Markov-chain models, while somewhat closer to evolutionary, still lack the aspect of a population, which is essential for evolution. In many cases the outcome of evolution will depend on having competing or interacting sets of genes within the same population. This cannot be meaningfully understood if the whole population is assumed to have only one set of genes at any one time.
A truly evolutionary model of aging must therefore be fairly complex. It must simulate individuals, who have age-specific mortality and fertility probabilities. These age-specific schedules must be determined by a set of genes. These genes in turn must be determined by a process of inheritance and a process of mutation.
Using such a method, we can address questions that are difficult to get at through optimization. For example, suppose we would like to know why closely related populations have similar patterns of aging, even when they live in different habitats, or occupy different niches. This pattern has been observed in comparative data and comes under the heading of phylogenetic inertia. With an evolutionary simulation, we can impose environments which mediate the relationship between the genes and the demography. We can then ask what characteristics of the environment or what characteristics of the relationship between environment and demography would allow the starting point (that is the initial genes and demography of the population), to influence the ending point (that is the genes and demography the population ends up with).

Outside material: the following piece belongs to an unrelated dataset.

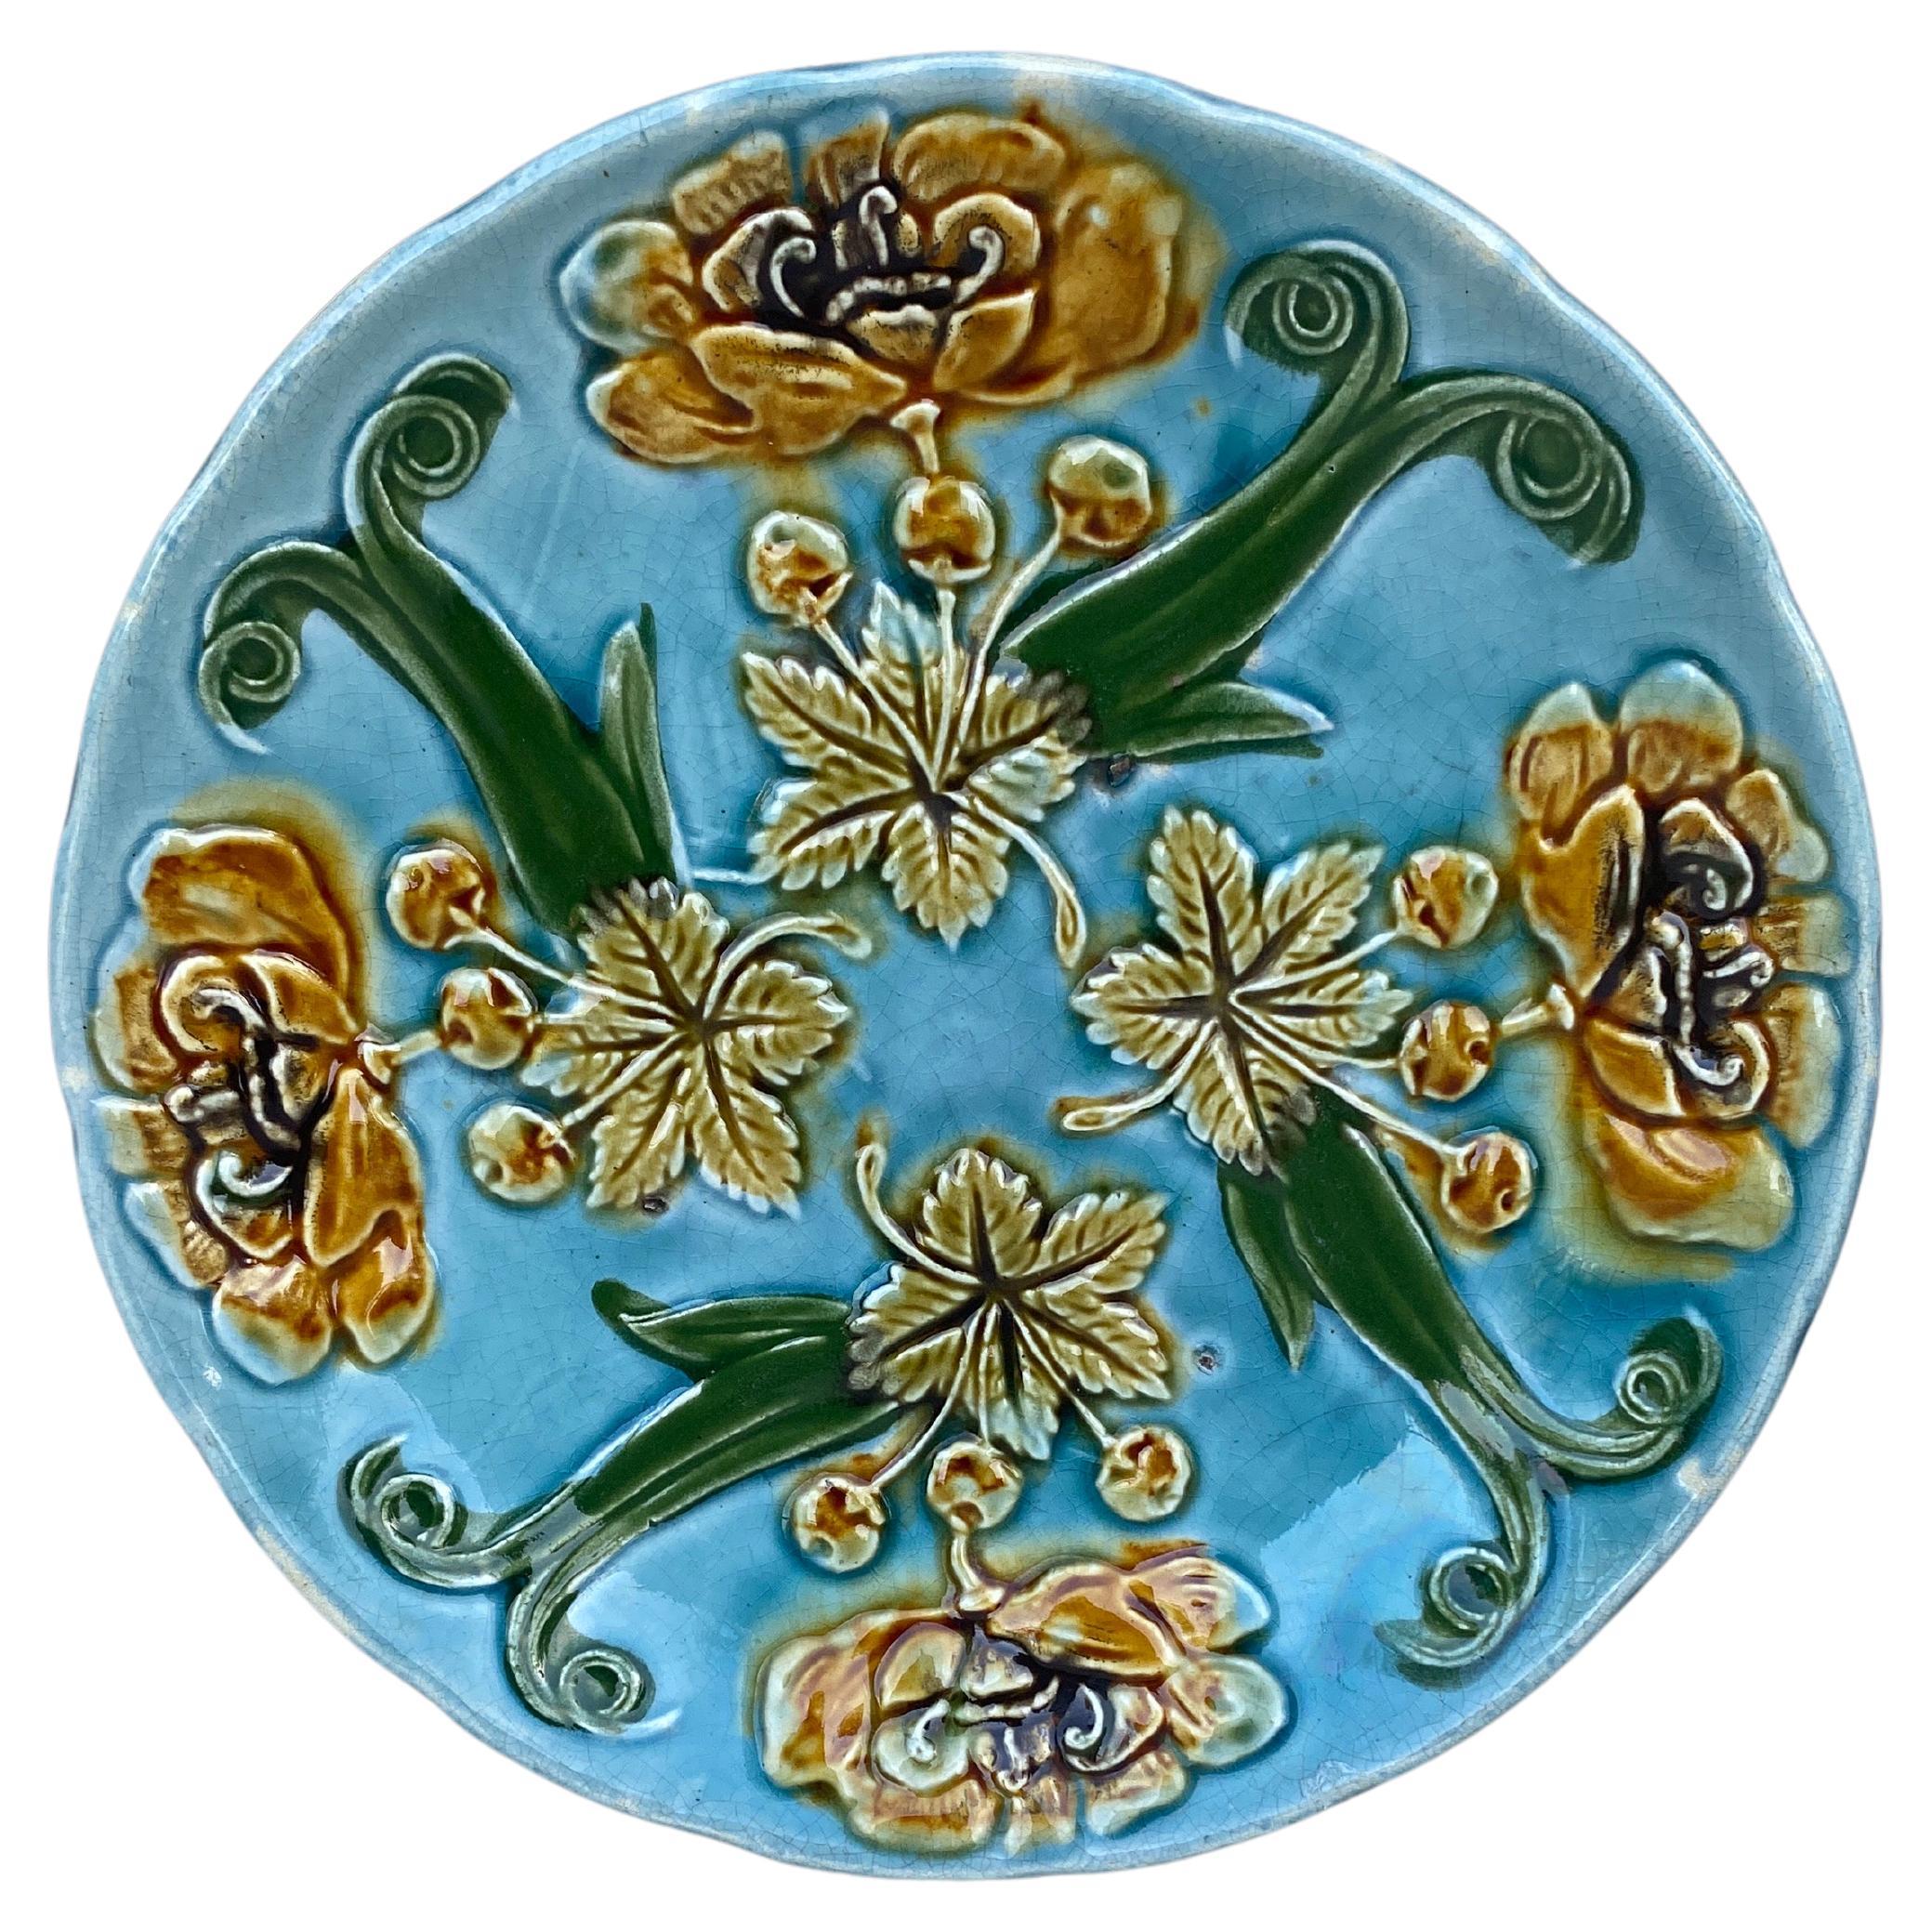 French Blue Majolica Plate with Yellow Flowers Circa 1890

To take another example, optimization models generally lack any information on the structure of the genome or the process by which that genome changes. However, genomic structure and mutation process are not irrelevant to what demography the population evolves. An evolutionary simulation will allow for modification of the genomic structure or the mutations process. Compare for example, two populations, each of which has a genetically controlled pattern of investment in various tasks such as reproduction, repair, growth or immune function. In population A, as many genes control this at the beginning of life as at the end. In population B, many genes control the pattern of investment early in life, while relatively few are still influencing late life investment. In both populations the genes affecting these investments are subject to mutational pressure and to selection. In each a mutation-selection balance will emerge, but these mutation selection balances will differ between the two populations. The two populations living in the same environment will arrive at different demographies, each nonoptimal.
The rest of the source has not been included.